KPNX
- Mesa–Phoenix, Arizona; United States;
- City: Mesa, Arizona
- Channels: Digital: 18 (UHF); Virtual: 12;
- Branding: KPNX 12; 12News

Programming
- Affiliations: 12.1: NBC; for others, see § Subchannels;

Ownership
- Owner: Tegna Inc., a subsidiary of Nexstar Media Group; (Multimedia Holdings Corporation);
- Sister stations: Nexstar: KAZT-TV

History
- First air date: May 2, 1953
- Former call signs: KTYL-TV (1953–1954); KVAR (1955–1961); KTAR-TV (1961–1979);
- Former channel numbers: Analog: 12 (VHF, 1953–2009); Digital: 36 (UHF, 2000–2009), 12 (VHF, 2009–2021);
- Former affiliations: DuMont (secondary, 1953–1956)
- Call sign meaning: "Phoenix"

Technical information
- Licensing authority: FCC
- Facility ID: 35486
- ERP: 1,000 kW
- HAAT: 535.1 m (1,756 ft)
- Transmitter coordinates: 33°20′0″N 112°3′51″W﻿ / ﻿33.33333°N 112.06417°W
- Translator(s): KNAZ-TV 2 (22 UHF) Flagstaff; for others, see § Translators;

Links
- Public license information: Public file; LMS;
- Website: www.12news.com

= KPNX =

Television station in Mesa, Arizona

KPNX (channel 12) is a television station licensed to Mesa, Arizona, United States, serving the Phoenix area as an affiliate of NBC. It is owned by the Tegna subsidiary of Nexstar Media Group and operated alongside Londen Media Group–owned CW station KAZT-TV (channel 7).
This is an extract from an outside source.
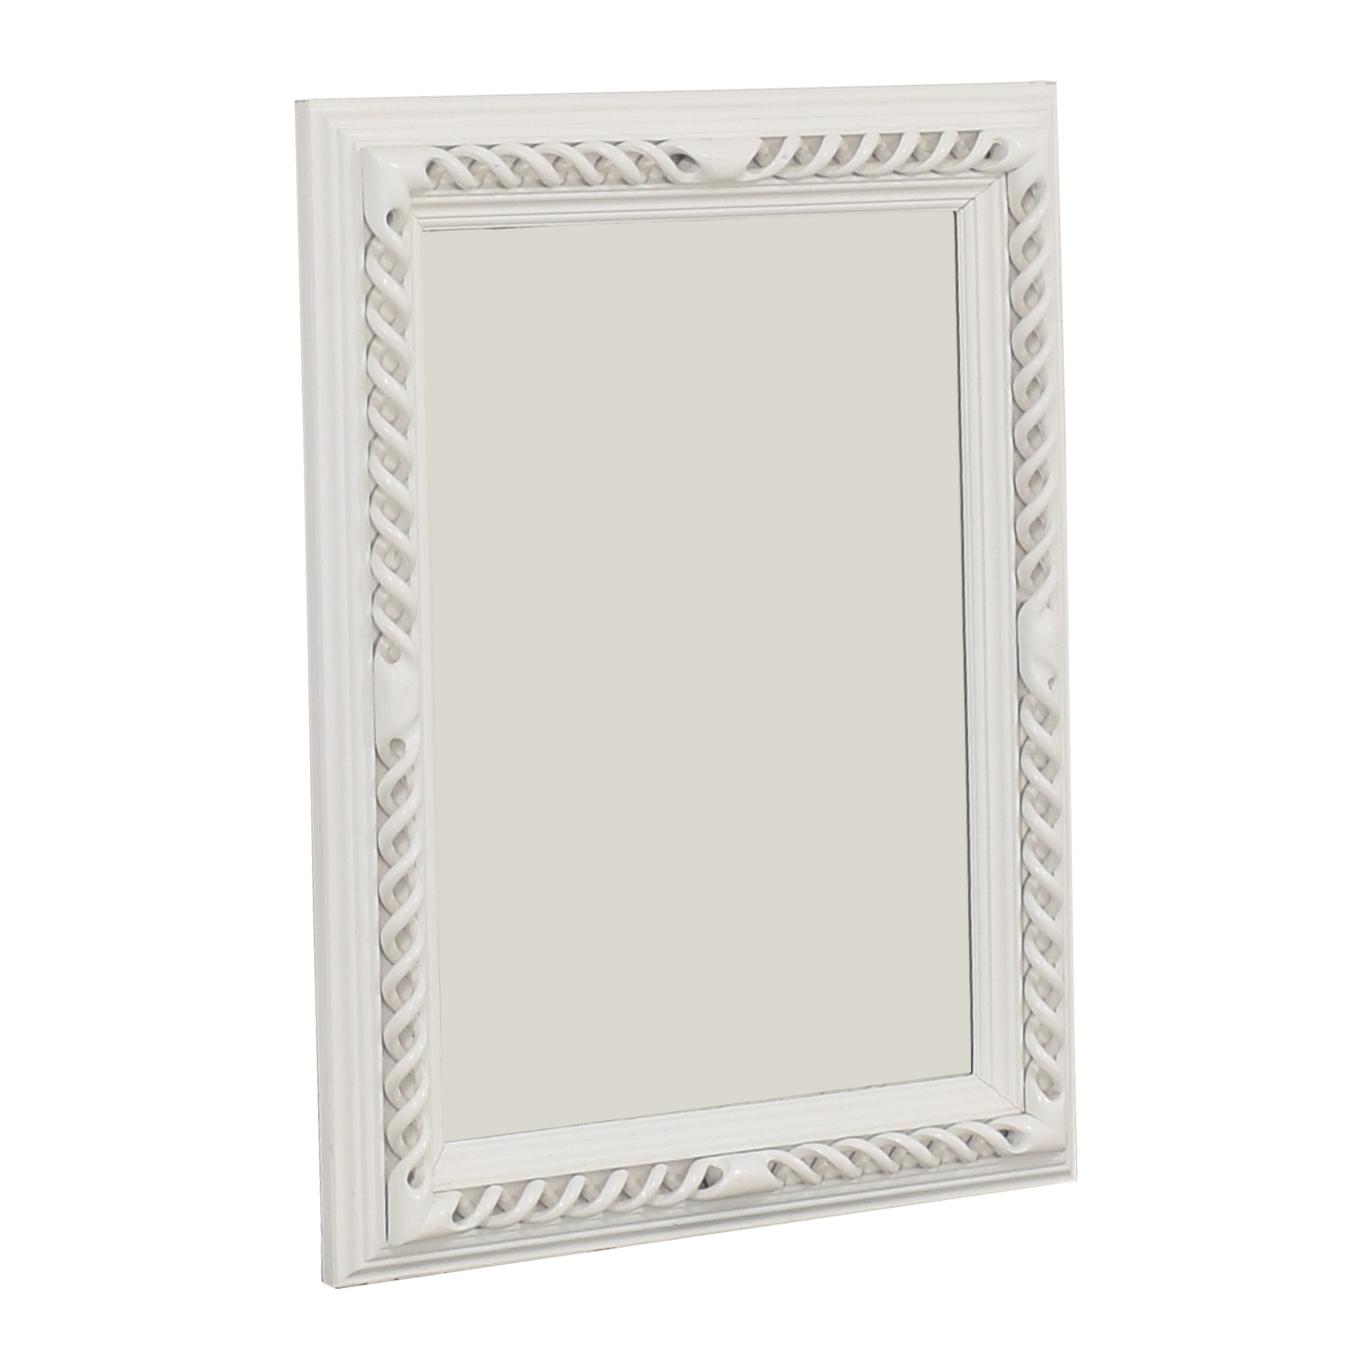 Anthropologie Framed Mirror / Decor

KPNX maintains studios at the Republic Media building on Van Buren Street in downtown Phoenix; its transmitter is located atop South Mountain on the city's south side. It is rebroadcast by KNAZ-TV (channel 2) in Flagstaff, a full-power satellite station, and translators across northern and central Arizona.

Channel 12 began broadcasting on May 2, 1953, as KTYL-TV, the Valley's second television station and a counterpart to radio station KTYL, a venture of Harkins Theatres and Harry Nace. Originally operating from studios in Mesa, it was the NBC affiliate in the Phoenix area from its sign-on and the first local TV station to locate its transmitter on South Mountain. At the time it went on air, Phoenix radio station KTAR, which had long been associated with NBC, was deadlocked in a battle for channel 3 with a group including former U.S. senator Ernest McFarland. In February 1954, KTAR exited this battle by buying KTYL-TV. KTAR already had television studios planned near downtown Phoenix, to which channel 12 relocated. The station became KVAR and then KTAR-TV in 1961. The KTAR stations and Eller Outdoor Advertising merged into Phoenix-based Combined Communications in 1968.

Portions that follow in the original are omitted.